--- What is required ---
Only the lines from the one containing "Windstar's Star Breeze" through the last line of the material should be copied, exactly as written and without pictures.

--- Data ---
══════════

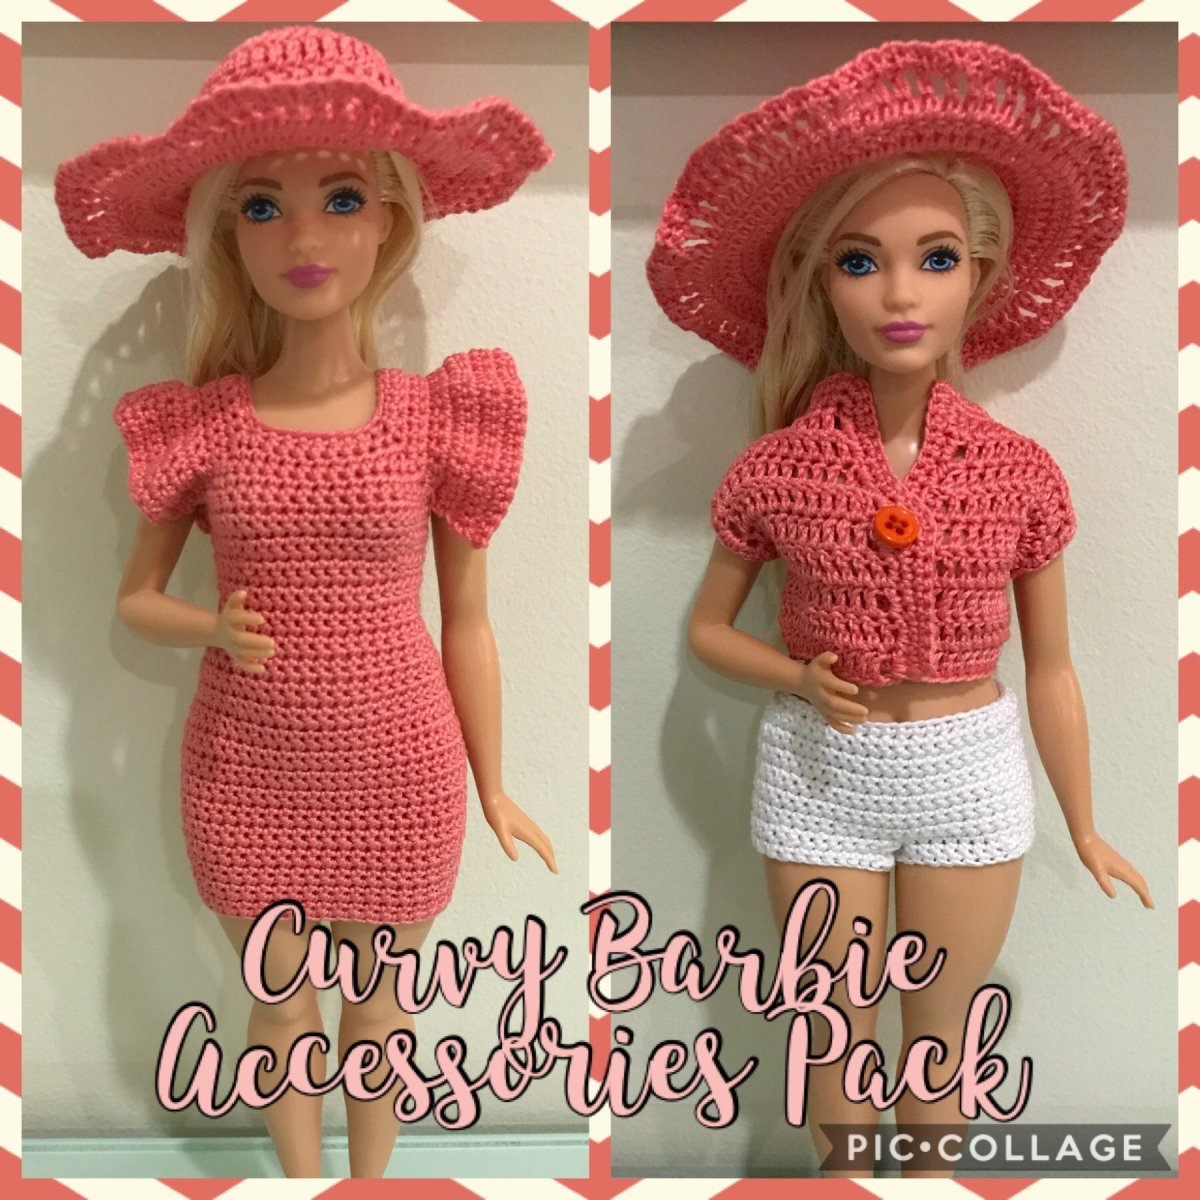 Curvy Barbie Accessories Pack (Free Crochet Pattern)
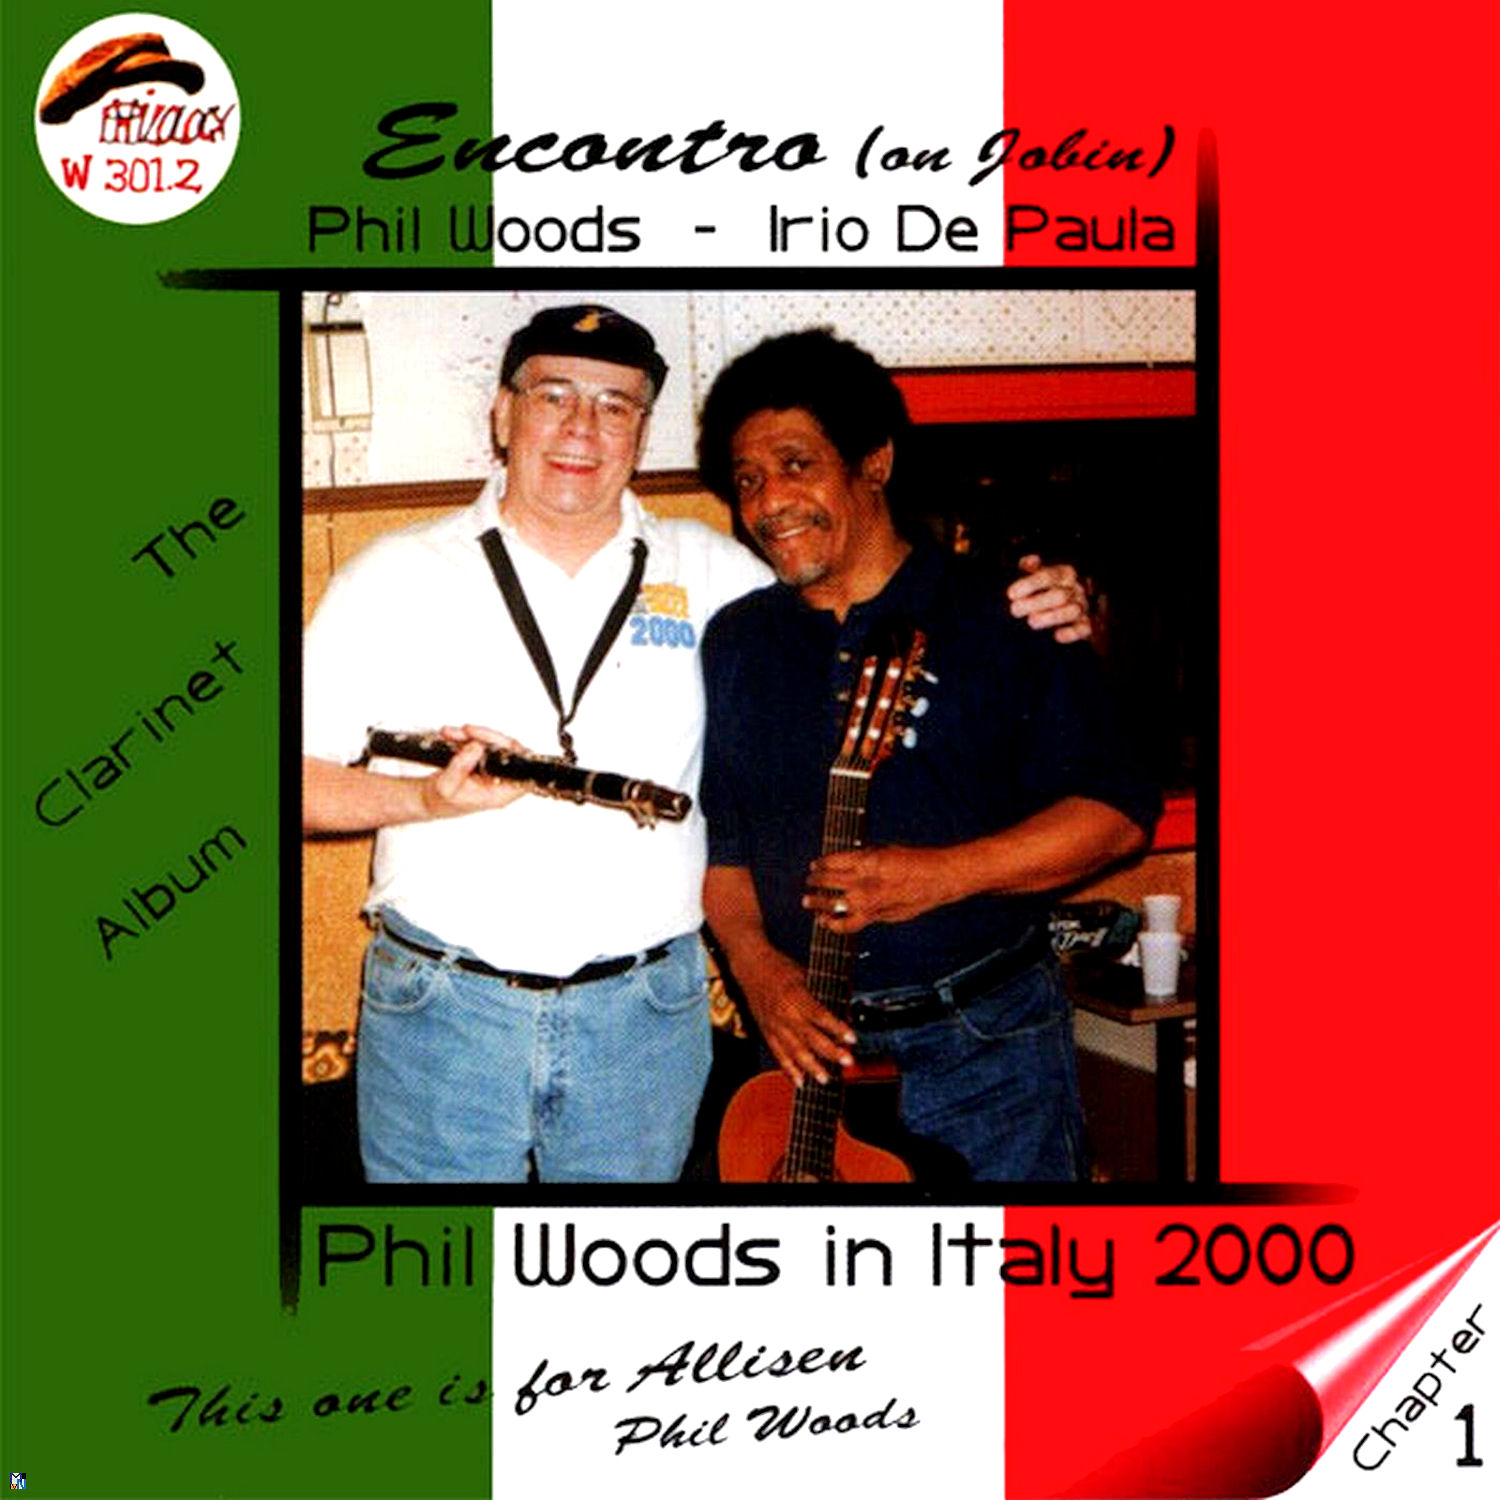 PHIL WOODS - Encontro (on Jobim) cover 
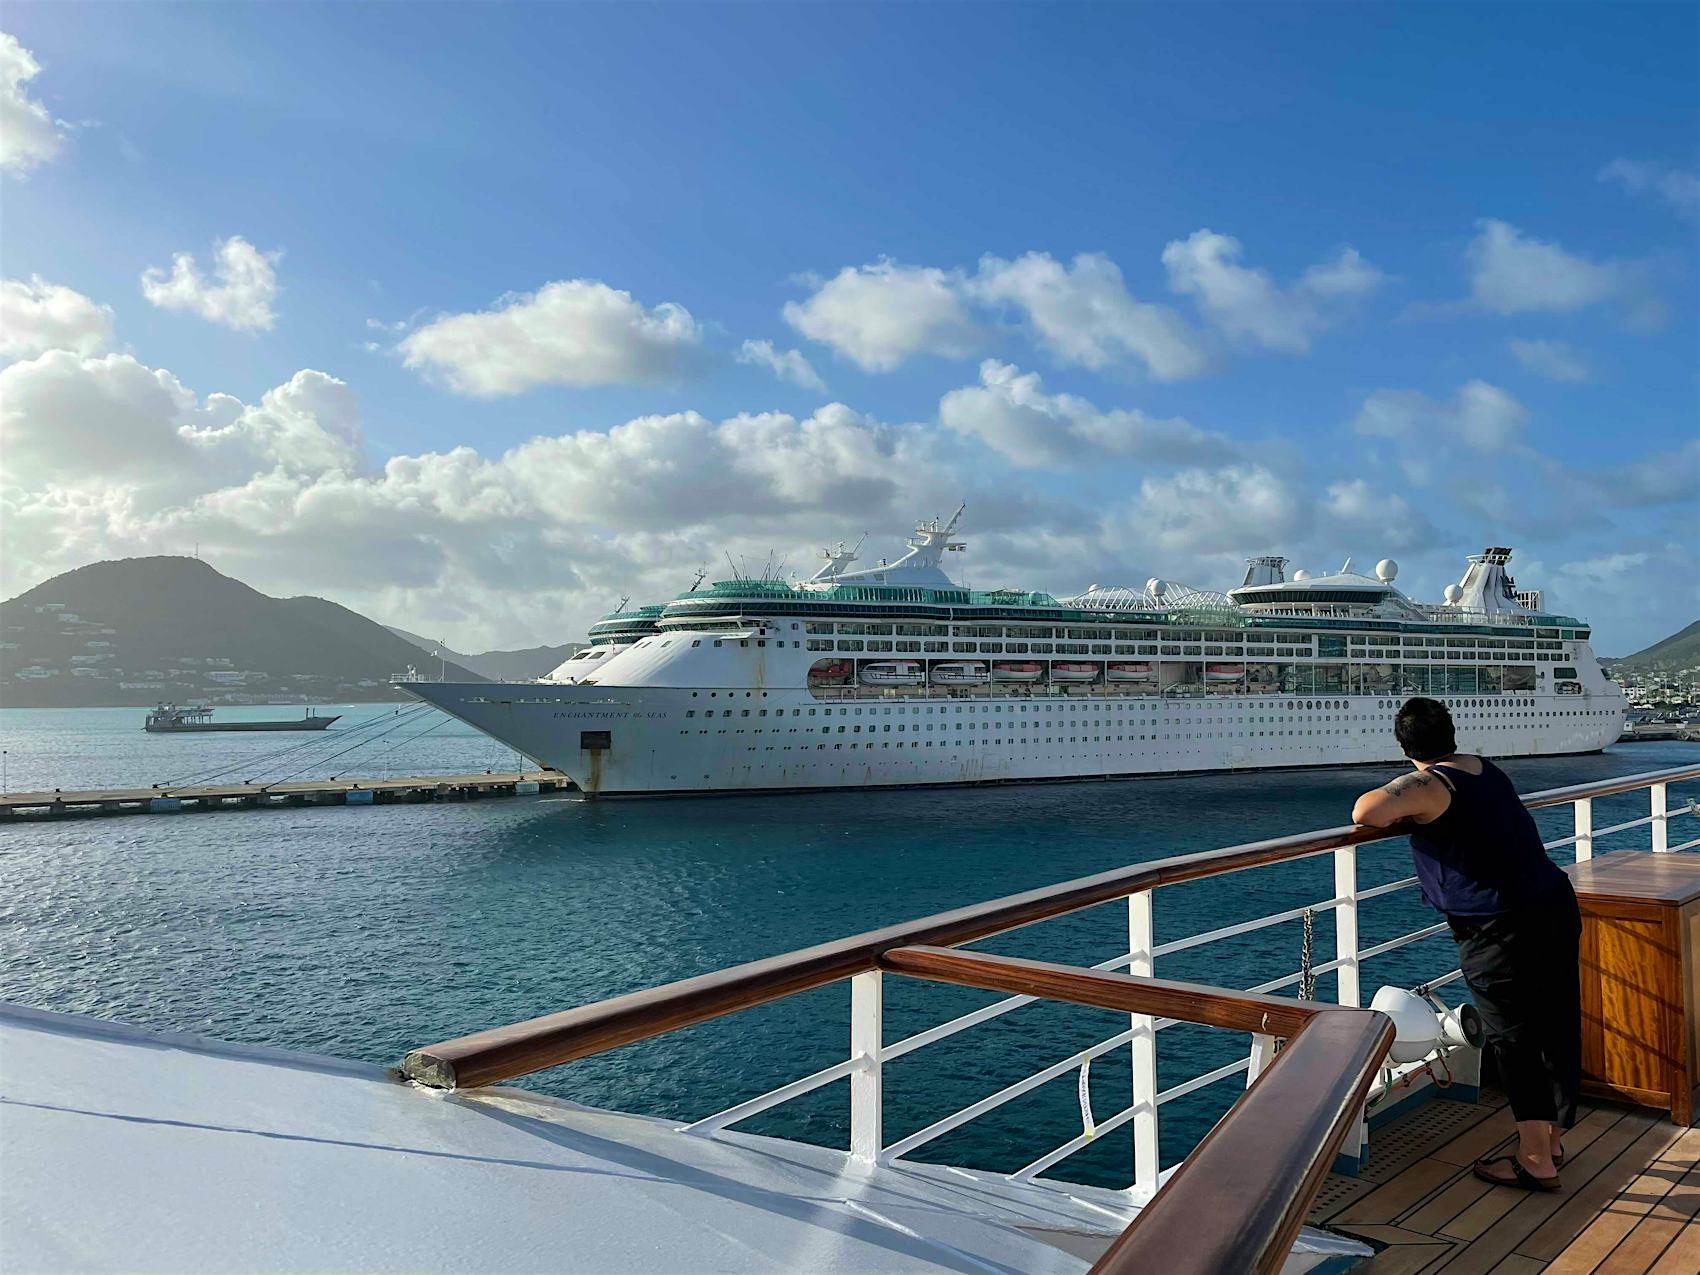 Windstar's Star Breeze is cruising through the Caribbean
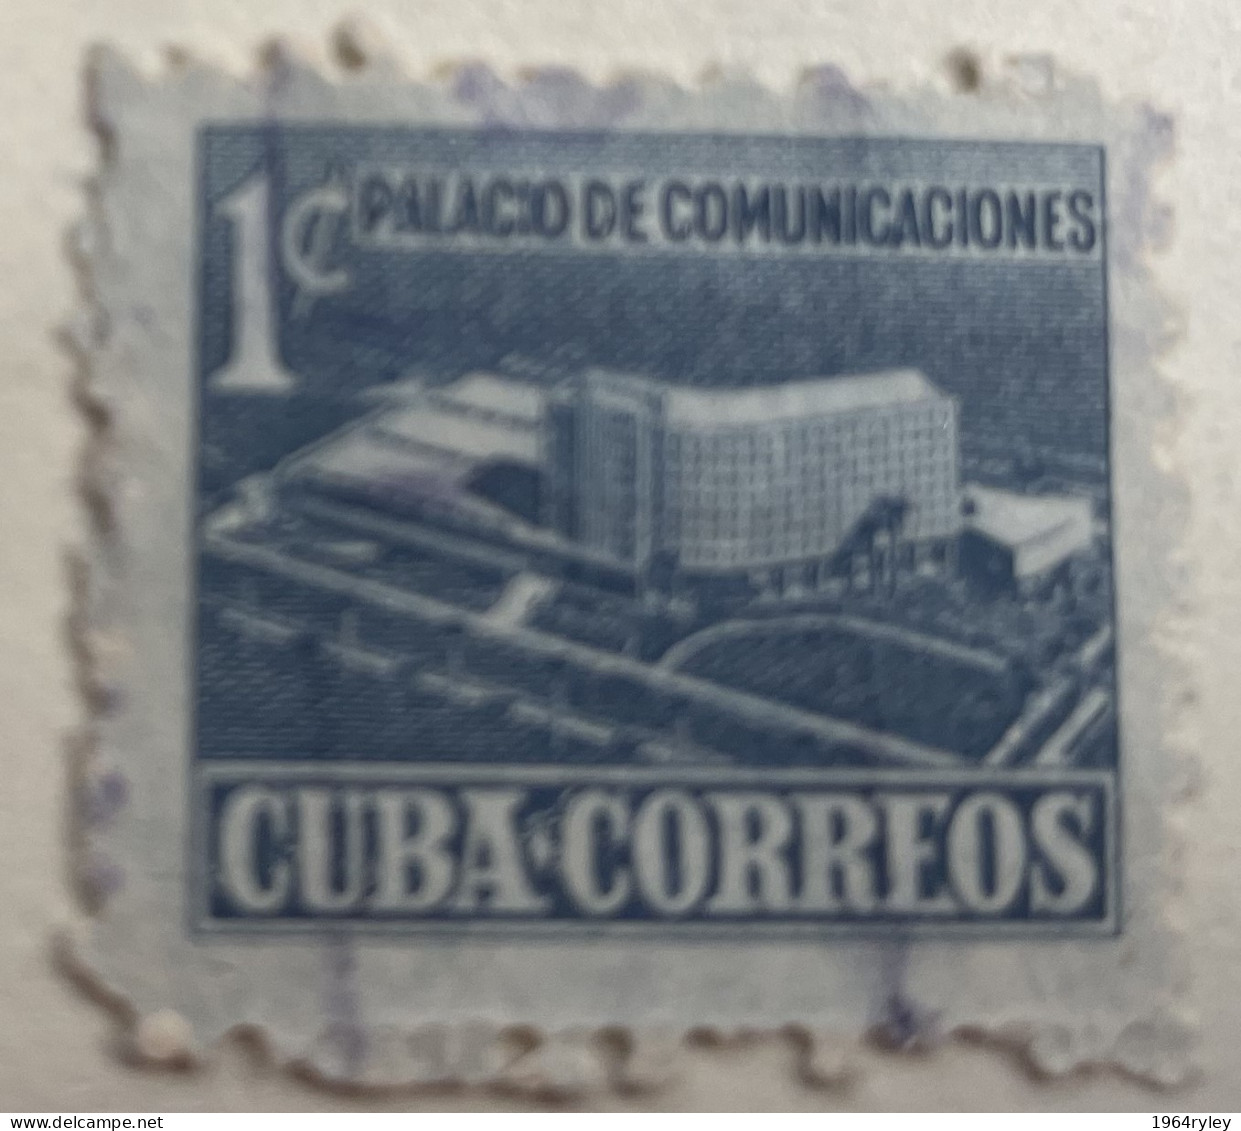 CUBA - (0) - 1952  -   # RA 16 - Usati

══════════

--- Task result ---
 Windstar's Star Breeze is cruising through the Caribbean
 CUBA - (0) - 1952  -   # RA 16 - Usati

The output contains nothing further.